- **WHAT NEEDS TO BE DONE**: Repeat the records below exactly from the line containing "90th Birthday Party Favors" to the line containing "The beloved animal", taking in both of those lines. Drop the pictures.

╭─ DATA TO EXAMINE

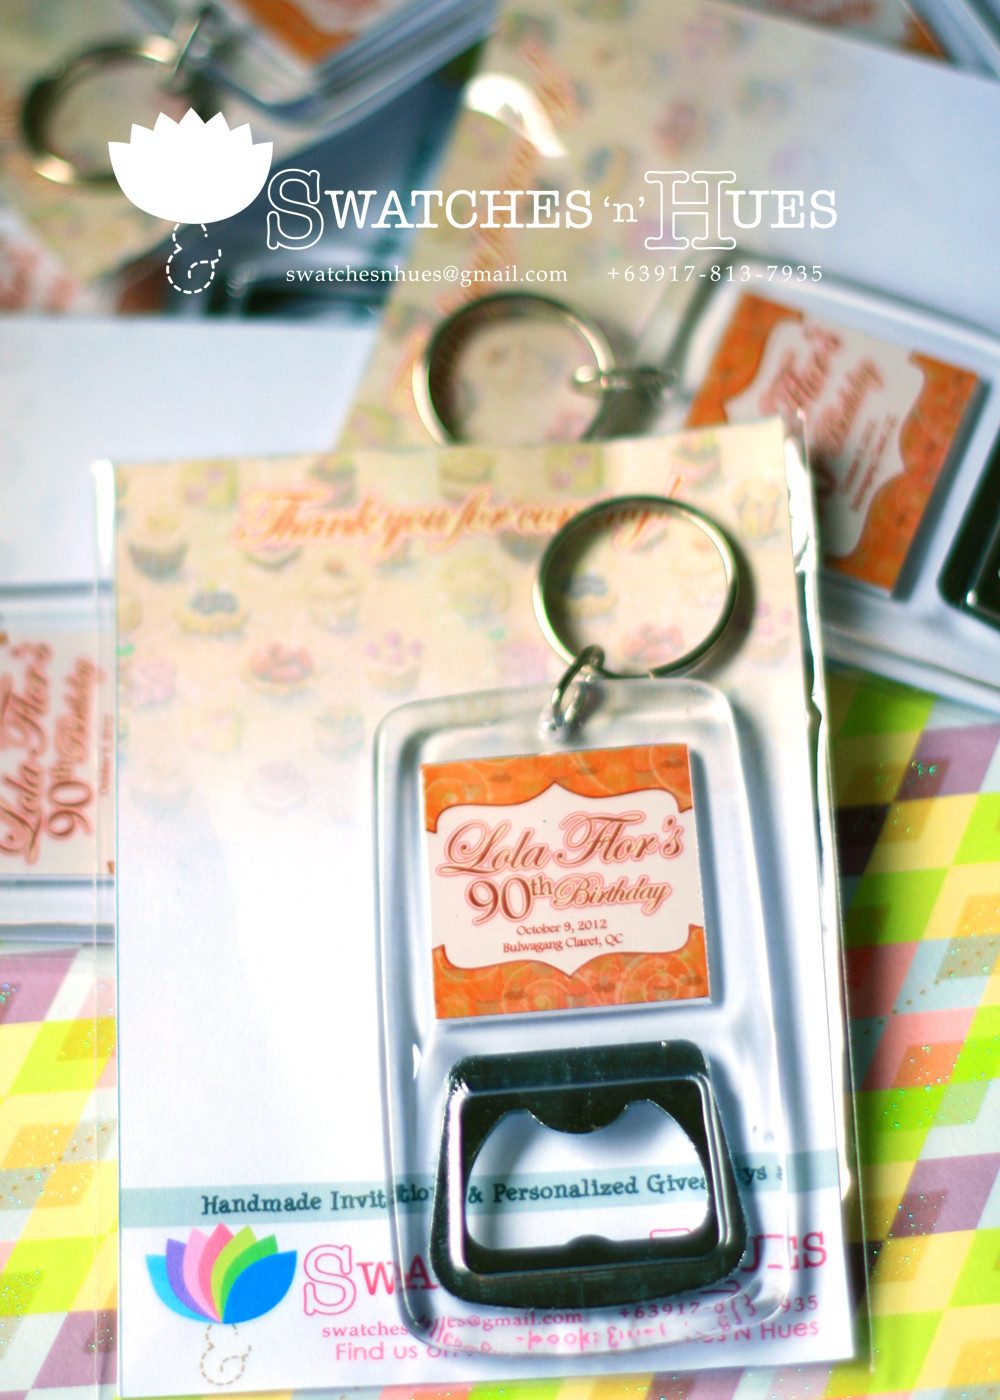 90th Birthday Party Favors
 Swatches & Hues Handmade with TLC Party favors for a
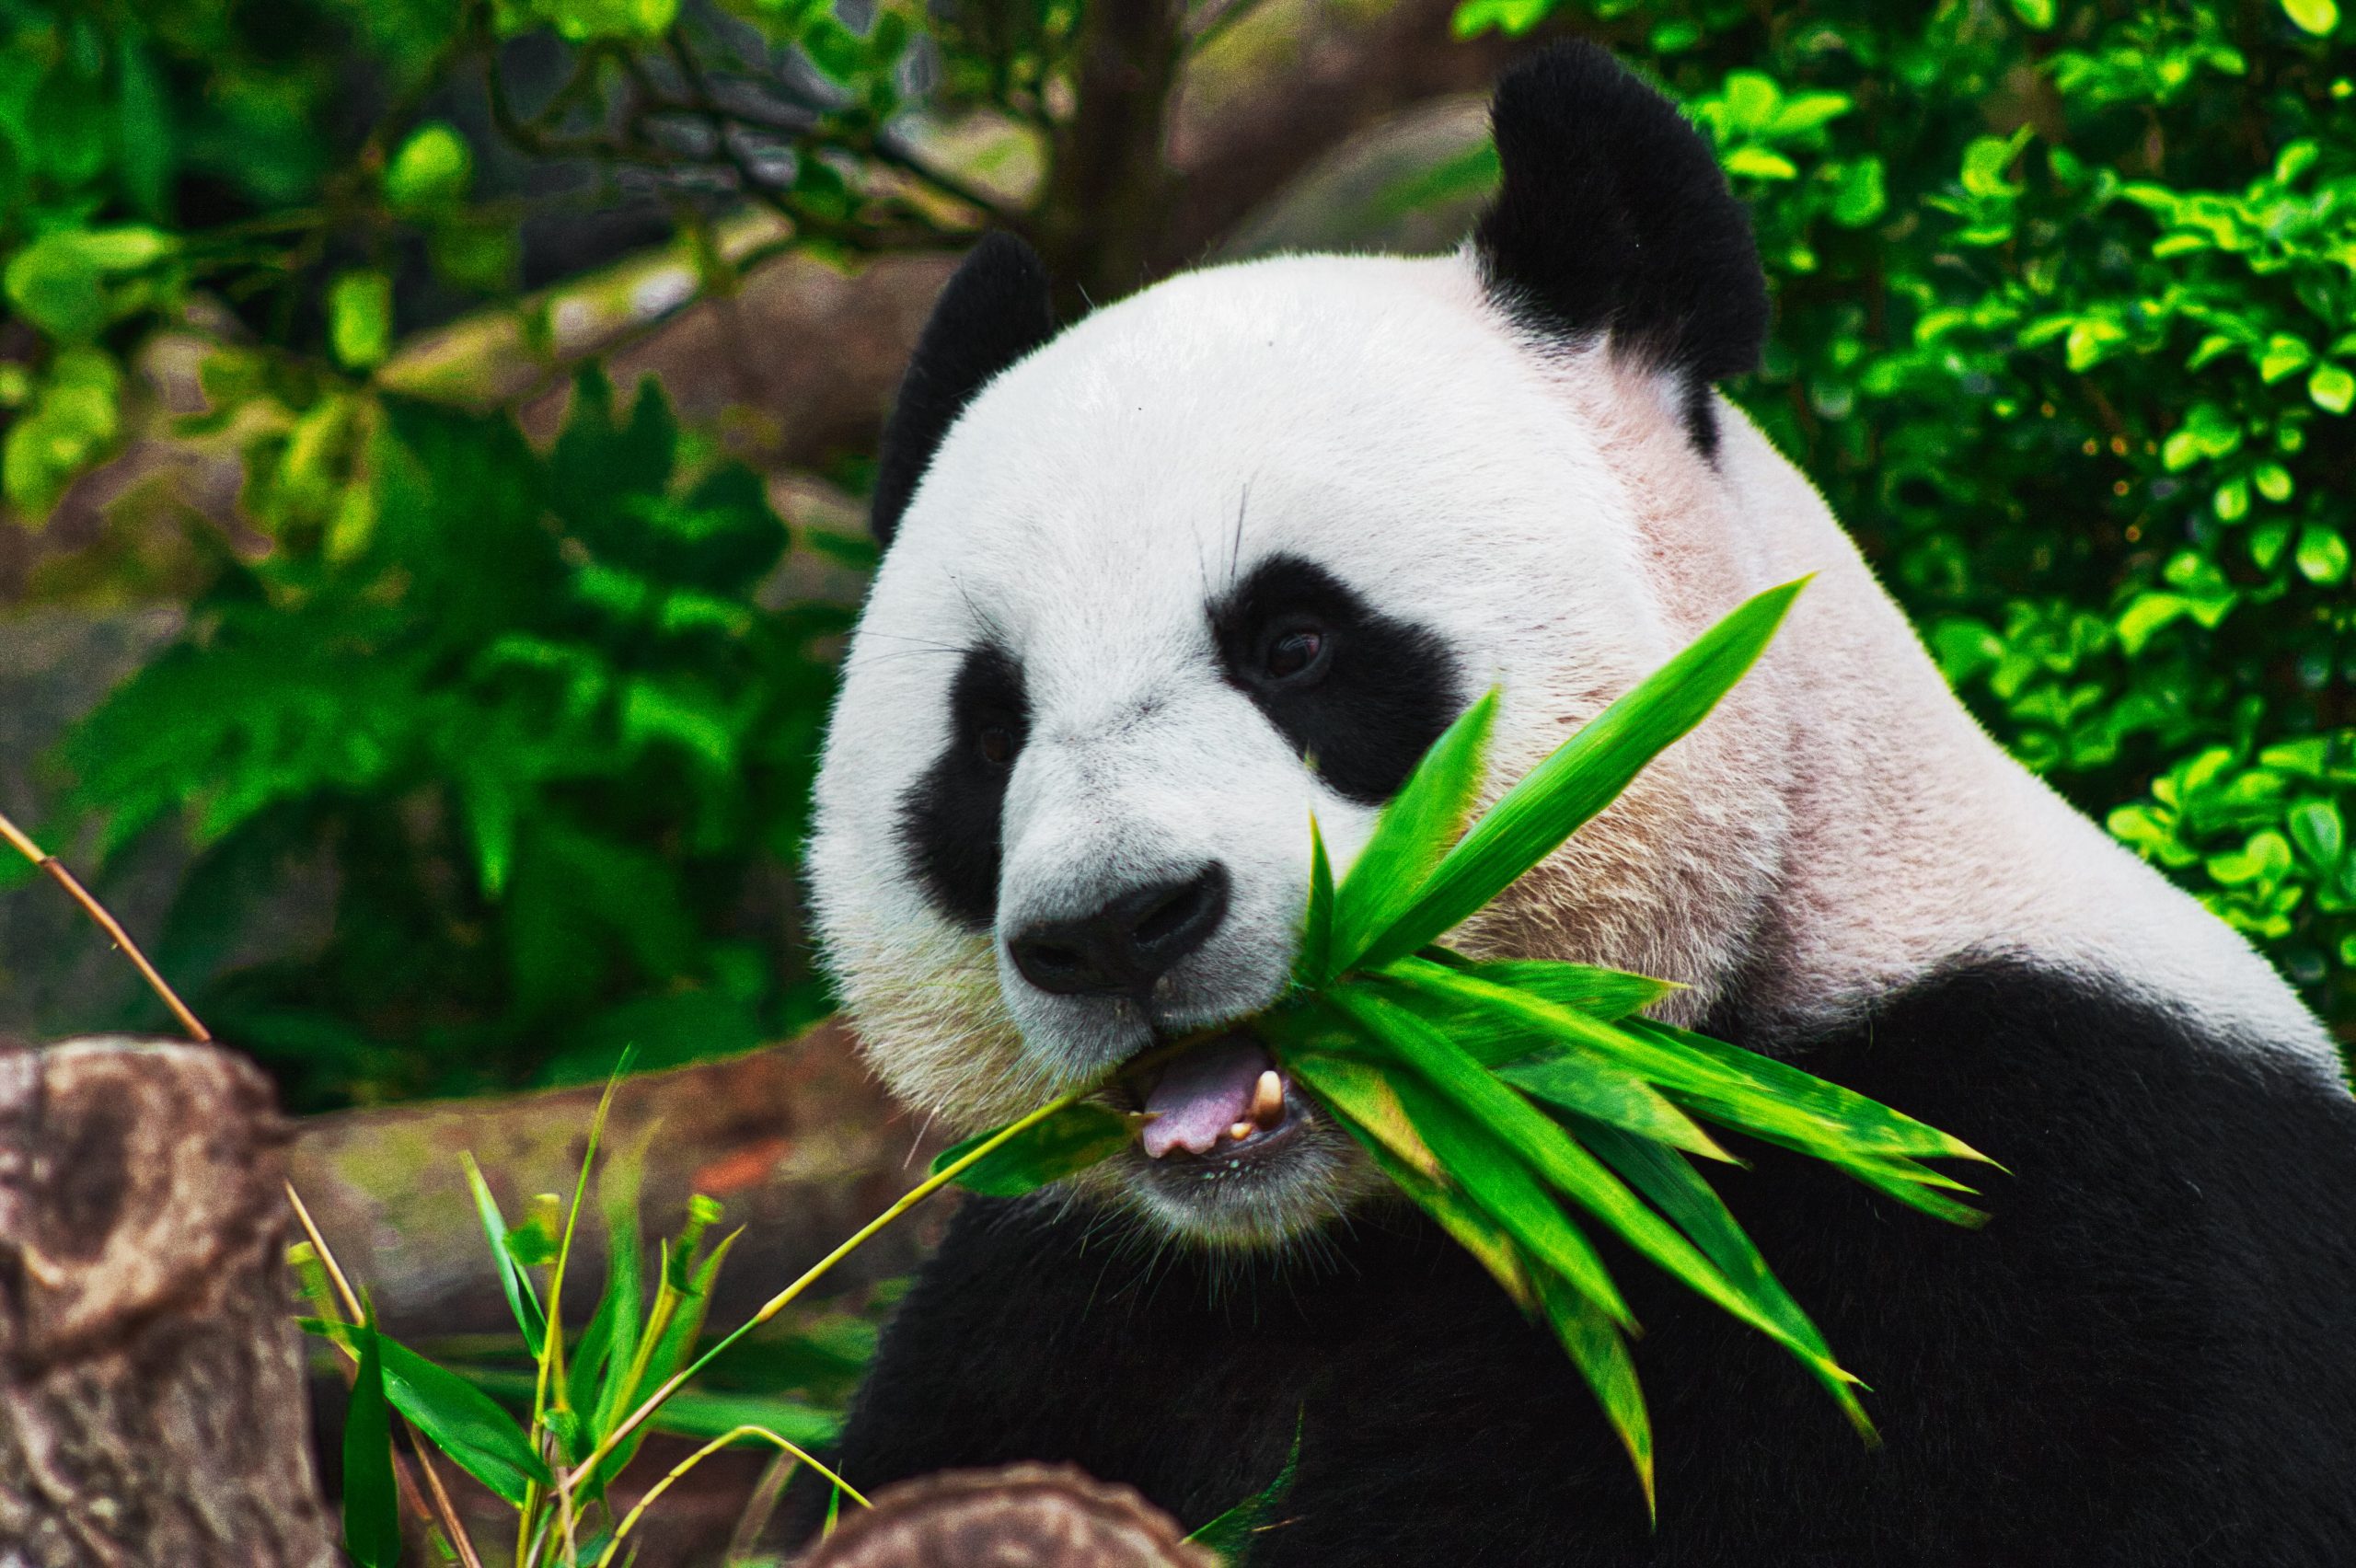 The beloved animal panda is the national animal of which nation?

╰─
╭─ DATA TO EXAMINE

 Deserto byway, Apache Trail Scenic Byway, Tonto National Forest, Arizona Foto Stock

╰─

- **EXERCISE OUTPUT**:
 90th Birthday Party Favors
 Swatches & Hues Handmade with TLC Party favors for a
 The beloved animal panda is the national animal of which nation?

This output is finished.